Neural Network Architectures. The underlying technology behind computer vision is called Neural Network Architecture. And there are many flavors of the technology. Artificial neural network, or ANN is based on a collection of connected units or nodes called artificial neurons. An ANN was the first architecture that was built using neural network technology. It provided us the ability to solve using fully well-defined neural network, where every node was connected to every other node, and there was no hidden layers. The problem with ANN was that it became too detailed. There were too many regression equations.

A number of techniques came out that reduce the size of the computations. The first of these was Convolutional Neural Network, or CNN. CNN are regularized versions of multilayer perceptions. It used the convolutional filter as a way of deducting edges. The key assumption was that for domains like computer vision. It is not necessarily the entire image, but the edges that makes up the primary interpretation task, or primary recognition task. CNN is a popular mechanism for image classification.

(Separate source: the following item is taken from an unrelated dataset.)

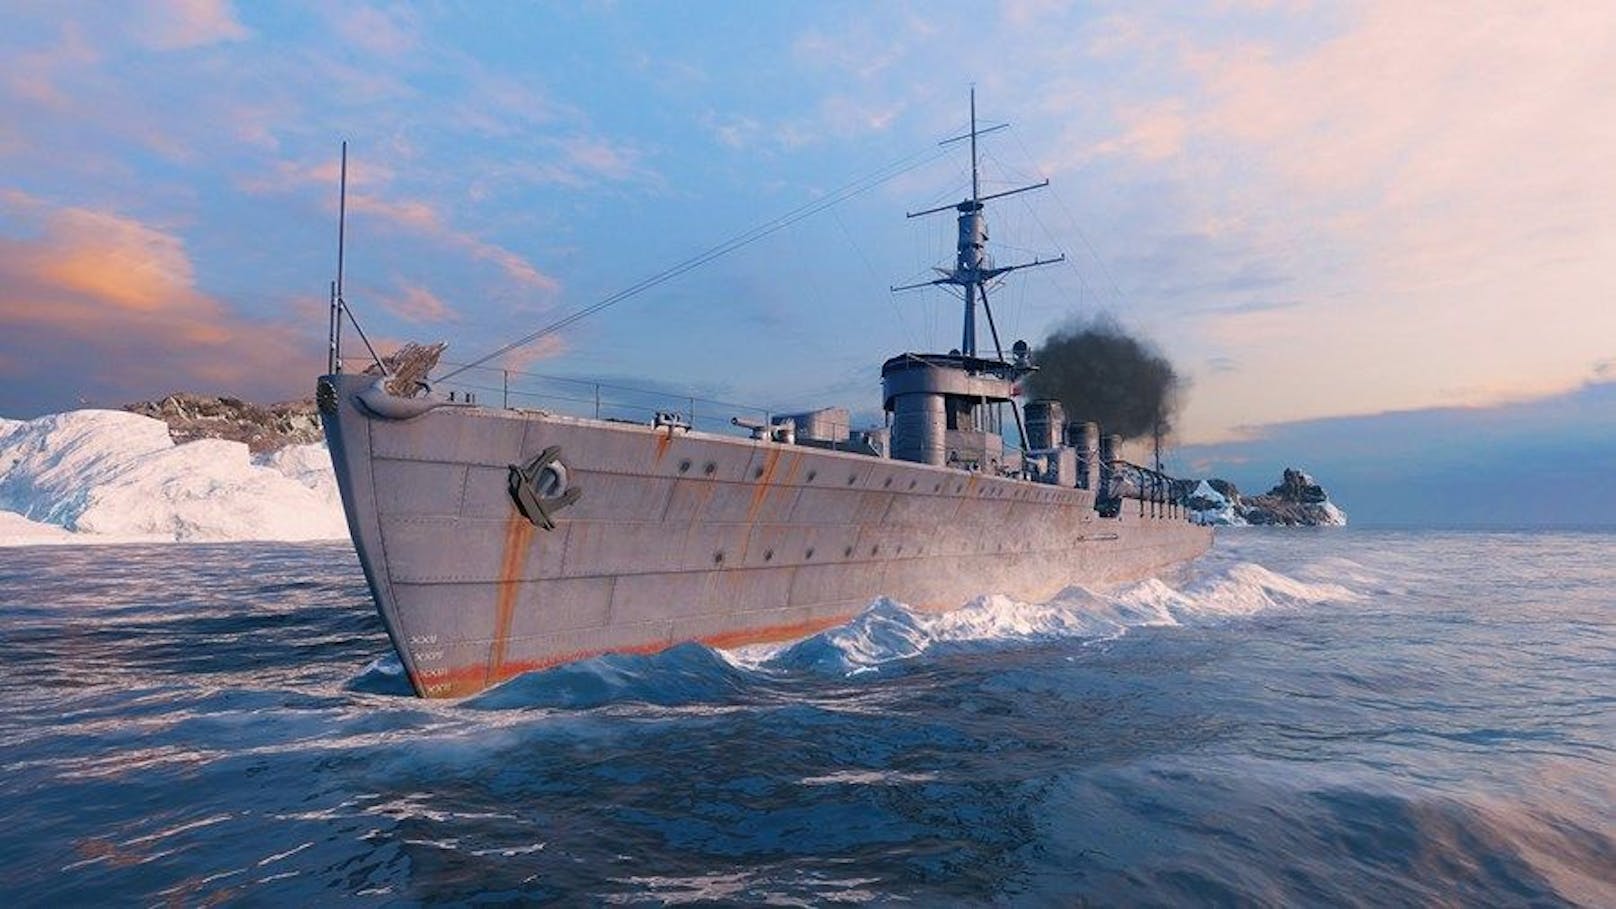 Grafisch überrascht "World of Warships" ungemein. Der Free-to-Play-Titel bietet auch neben den bereits erwähnten, sehr detaillierten Schiffen tolle Effekte und Umgebungen.

The next one to come out was Recurrent Neural Network, or RNN. We had connection between nodes for a dedicated graph a longer temporal sequence. The key assumption of Recurrent Neural Network was that there is a sequencing. So any information in a sequence was dependent on something prior to that. This could be a text or it could be an image. We are left to right, there is a dependency. For example, in tables where you have a raw header and a value. So these are all good examples. RNN network took advantage of the sequencing of the information to do its detection.

The next one was Regional Proposition Networks, RPNs, which applied region to the CNN architecture. This was the first attempt to bridge the gap between image classification and object detection. It showed how CNN can lead to dramatically higher object detection, performance by applying recognition using region or set of regions. The key assumption here was that in a typical image, there are regions and each region is independently providing us part of the interpretation. Each of these regions could be parallel processed by the algorithm each creating an interpretation of each part of the component independent of the other components. Faster R-CNN is a popular mechanism for image and object interpretation. And I have applied this successfully in several cases studies in inventory management domain.

The next one to come was Generative Adversarial Network, or GAN. And the key assumption behind GAN is that it is a neural network and then there is also a second neural network. The first one creates an image and the second one evaluates it. So in this case, it is primarily meant for creating test data or creating test images. You can use GANs to create an image by imitating another image, and utilizing that to create a lot of tested averages, or variation of the original image. For example, I can take an original network and I can change the image by creating some systematic variations to the original image. Generative Adversarial Network are powerful machine learning models capable of generating realistic images, videos, and voice outputs.

GANs have widespread application from improving cybersecurity by fighting against adversarial attacks, and anonymizing data to preserve privacy to generate a state of the art images, colorizing black and white images, increasing image resolution, creating avatars, turning to 2D images to 3D, and more.

Last but not the least is Attention models. Human do not actively use all the information available to them from the environment at any given time. They focus on the specific portion of the data that are relevant to the task. Attention models are input processing techniques for neural network that allows the network to focus on this specific aspect of a complex input, one at a time until the entire data set is categorized. So you can start from a larger image, but you are going to utilize the focus area to go and zoom in on one part of the image. This is a two-stage process, one in which you define the focus area. And the second one in which you can actually go and find something in that focus area. Attention models require continuous reinforcement or back propagation training to be effective.